On Sept. 9, Minneapolis voters will vote to send six of nine candidates for School Board to the general election on Nov. 4. Three of those six will be elected to at-large seats.
Candidates are listed alphabetically. Address and phone numbers are provided via public filing information; website or email has been provided by the candidate, when applicable.
Carla Bates
Mary Buss
Jill Davis
Thomas Dicks
Sharon Henry-Blythe
Allison Johnson
Lydia Lee
Doug Mann
Kari Reed
Allison Johnson
3033 Excelsior Blvd., Suite 467
612-929-0700
aj4schoolboard@hotmail.com
Johnson has run her own law firm for the last nine years and was previously a chemist for the Drug Enforcement Agency and pharmaceutical industry, and a patent attorney for two Minneapolis law firms. She holds a Bachelor of Science in chemistry from Indiana University and a law degree from Santa Clara University
Johnson said Minneapolis schools are the victims of federal No Child Left Behind (NCLB) regulations. As a member of the School Board, she would lobby federal and state officials to repeal the regulations. She also blamed “poor or low-income” students’ poor academic performance on their parents.
“Unless you change the mindset of poor or low-income families to make the education of their children their top priority,” she said, poor and low-income students’ academic performance will never improve.
Many poor and low-income students in Minneapolis’ public schools are not white. How this culture gap plays out in the classroom is not always addressed in debates on education policy.
When pressed, she admitted that “it’s difficult to say how this would be implemented,” and said that schools should take the lead to “educate” poor and low-income families to this end. “I don’t have the answer right now … There are enough interactions [between school staff and parents] and mechanisms to put a program in place.”
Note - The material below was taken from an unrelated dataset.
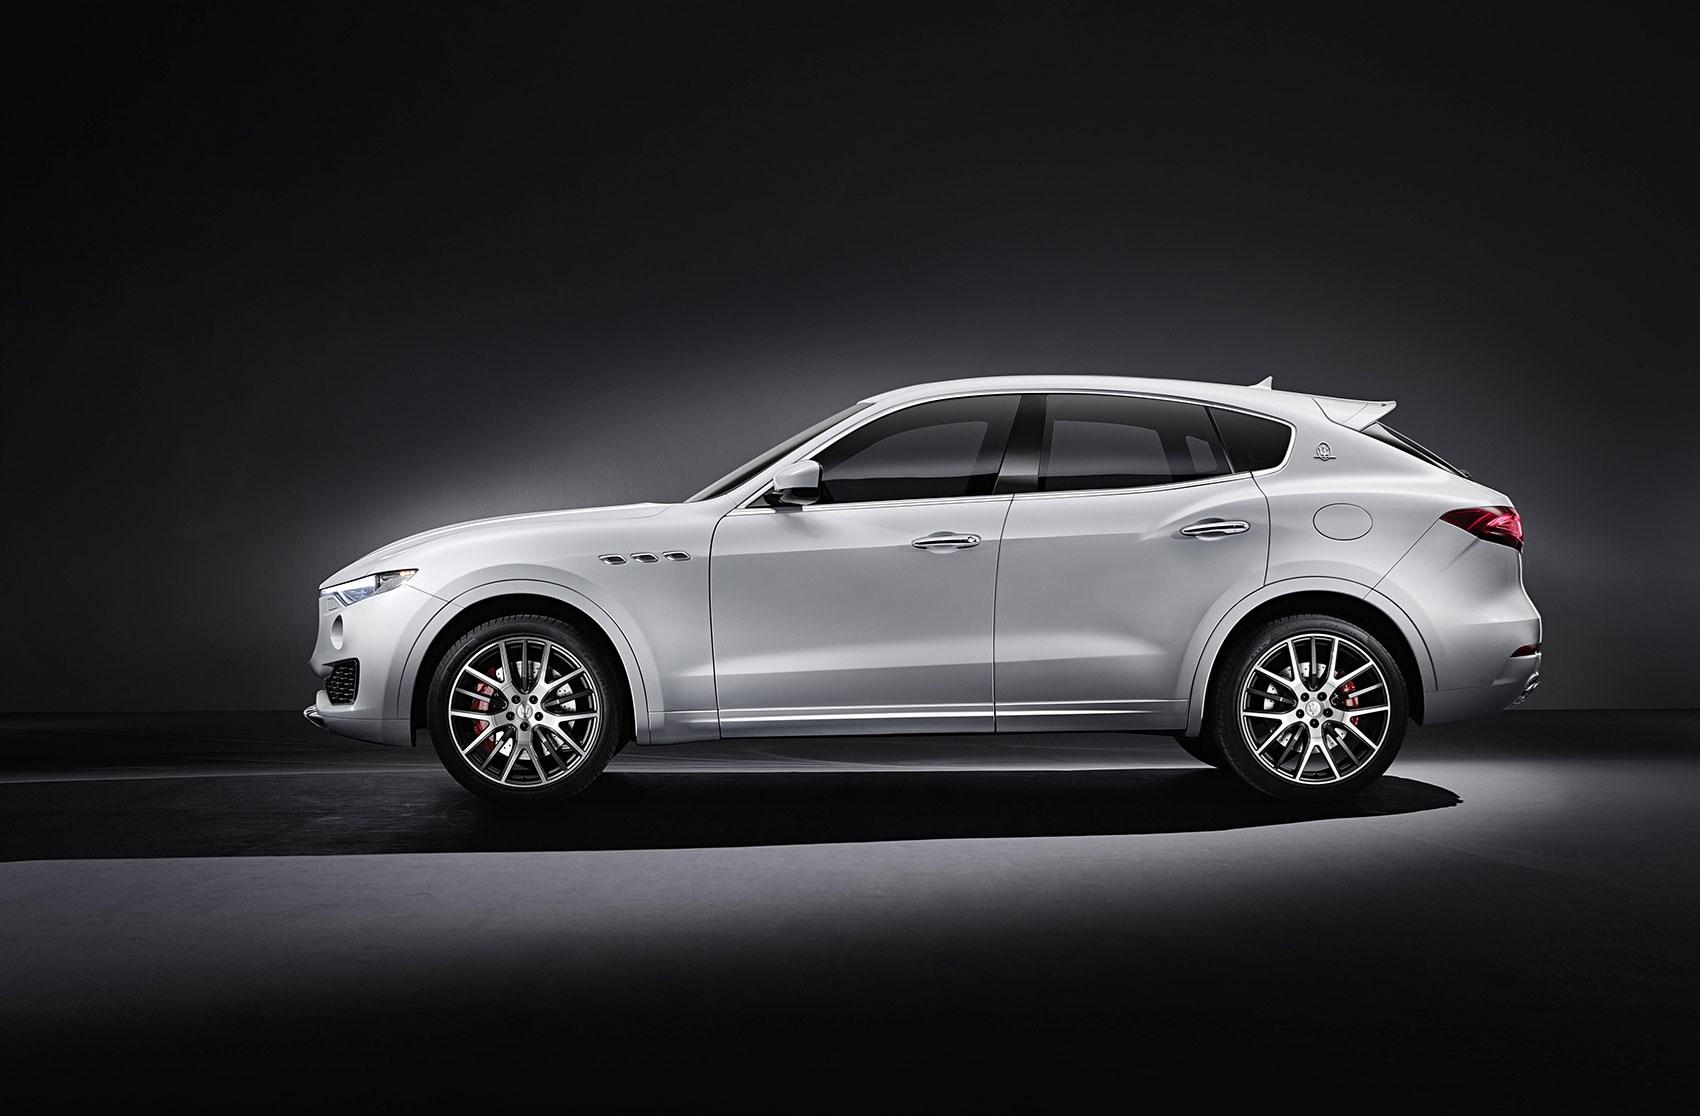 maserati levante priced from £54,000 in uk | car magazine

Johnson said she was not familiar with the details of the district’s strategic plan, passed this year, but she does not believe the plan’s flagship goal of making “every child college-ready” by 2020 is feasible, given the current state of the school system and the values of “poor or low-income” families.
Generally speaking, she said she was in favor of more funding for public education and supports the “Strong City Strong Schools” referendum. “Something needs to be fixed,” Johnson said, “I don’t know what it is but I have the brain power and … the time and the passion to fix it.”